The court consequently, adjourned the case until August 26 for continuation of trial by 10a.m., adding that trial will proceed on daily basis until the case ends.
Meanwhile, on the request of prosecution, Idris also issued hearing notices to second and third defence counsel to be present at the next court sitting.
It would be recalled that on July 31, 2018, Justice Idris had dismissed a ‘no-case submissions’ made by the defendants and had ordered them to open their defence.
But Kalu had then sought an adjournment to embark on a medical trip to Germany for an undisclosed ailment
The defendants later challenged the jurisdiction of the judge to hear the case, arguing that he was no longer a judge of the High Court. They also filed an application seeking a stay of proceedings pending the outcome of their appeals.
Justice Idris dismissed both applications.

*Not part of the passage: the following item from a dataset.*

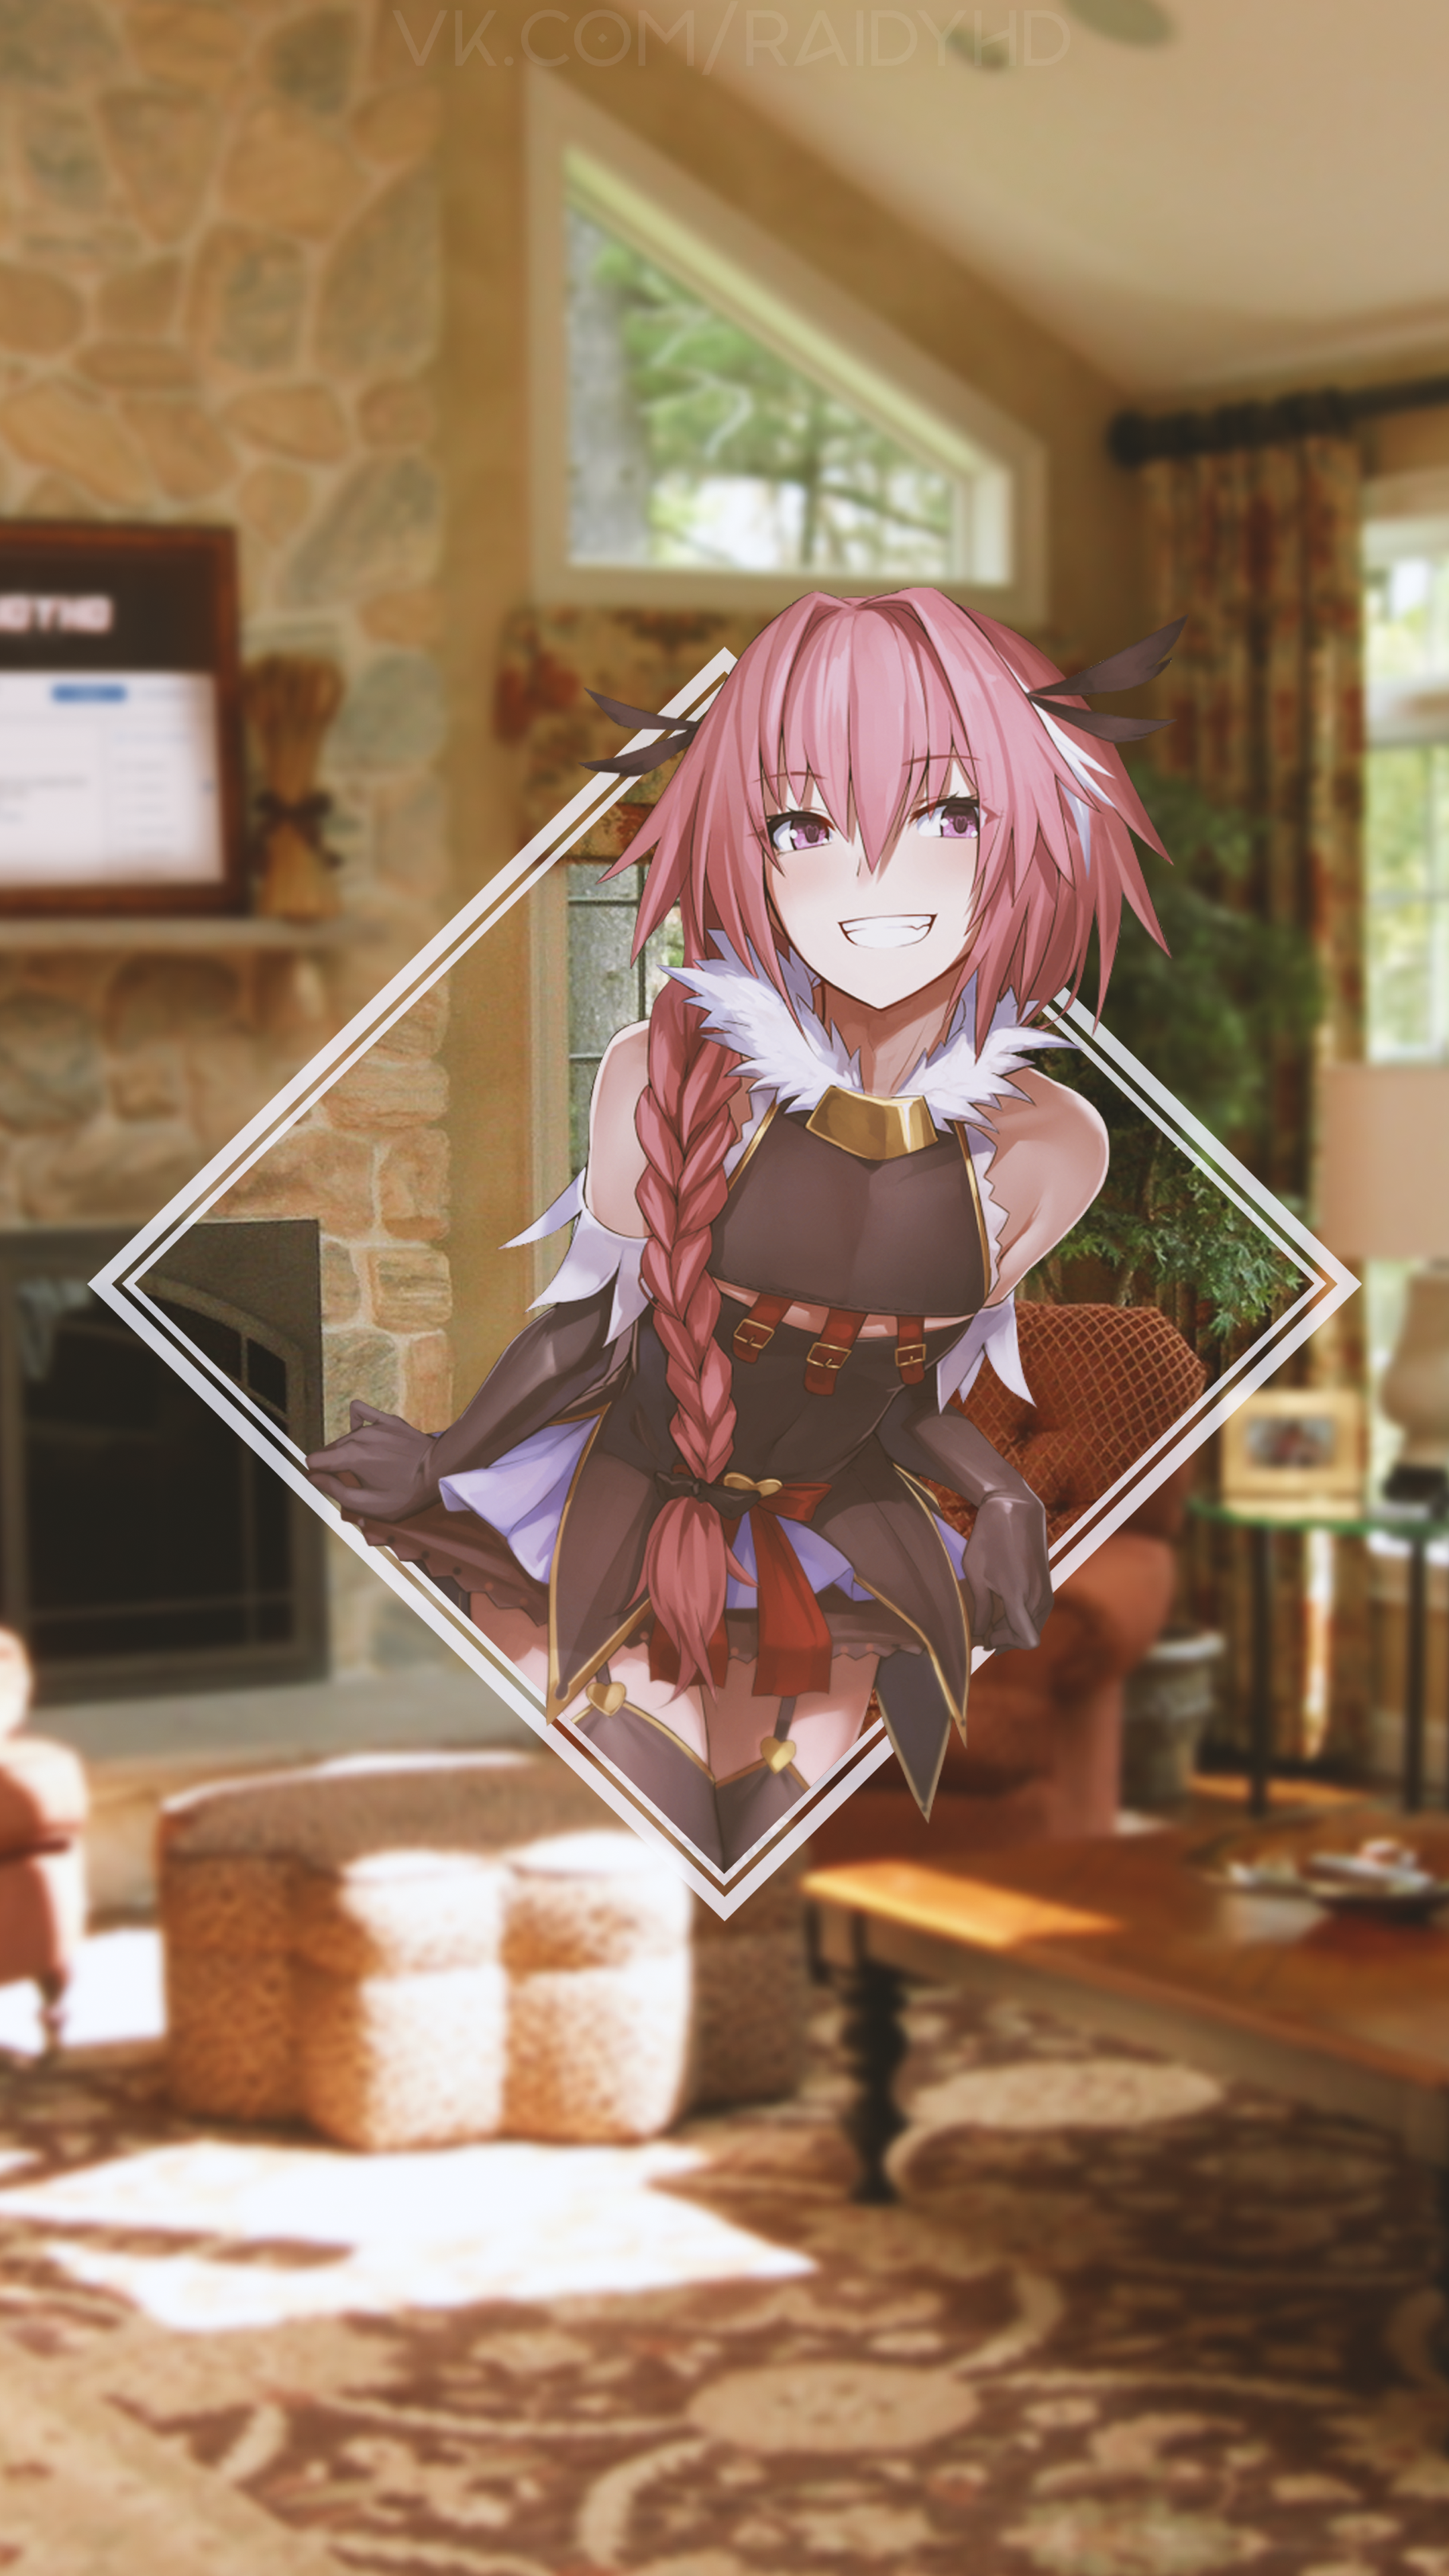 Anime 2160x3840 anime anime boys picture-in-picture Fate/Grand Order Astolfo (Fate/Apocrypha) femboy

Following repeated absence of Kalu in court, Justice Idris revoked his bail on November 12, 2018
The judge had also ordered Kalu to submit himself to the EFCC within 24 hours of his return to the country.
On January 23, when the case last came up in court, the prosecutor again complained of Kalu’s repeated absence from court, alleging that he was taking the court for a ride, despite clear court orders.
Prosecution had urged the court to continue the hearing in Kalu’s absence.
But in response, Justice Idris said he could not proceed with the case as the fiat given to him by the Appeal Court President had expired.
In the charge, the defendants were alleged to have committed the offence between August 2001 and October 2005.
Kalu was alleged to have utilised his company to retain in the account of a First Inland bank, now FCMB, the sum of N200 million.
The sum is alleged to have formed part of funds illegally derived from the treasury of Abia State Government.
In one of the counts, Kalu’s company (Slok Nig Ltd) and one Emeka Abone who is said to be at large, were also alleged to have retained in the company’s account the sum of N200 million, on behalf of the first defendant.
In counts one to 10, the defendants were alleged to have retained about N2.5 billion in different accounts, which funds were said to belong to the Abia State Government.
Cumulatively, in all the counts, the defendants were alleged to have diverted over N7.2 billion from the Abia State government’s treasury, during Kalu’s tenure as governor.
The offence is said to have contravened the provisions of Sections 15(6), 16, and 21 of the Money Laundering (Prohibition) Act, 2005.
It also contravenes the provisions of the Money Laundering Act of 1995 as amended by the amendment Act No.9 of 2002 and Section 477 of the Criminal Code Act, Laws of the Federation, 1990.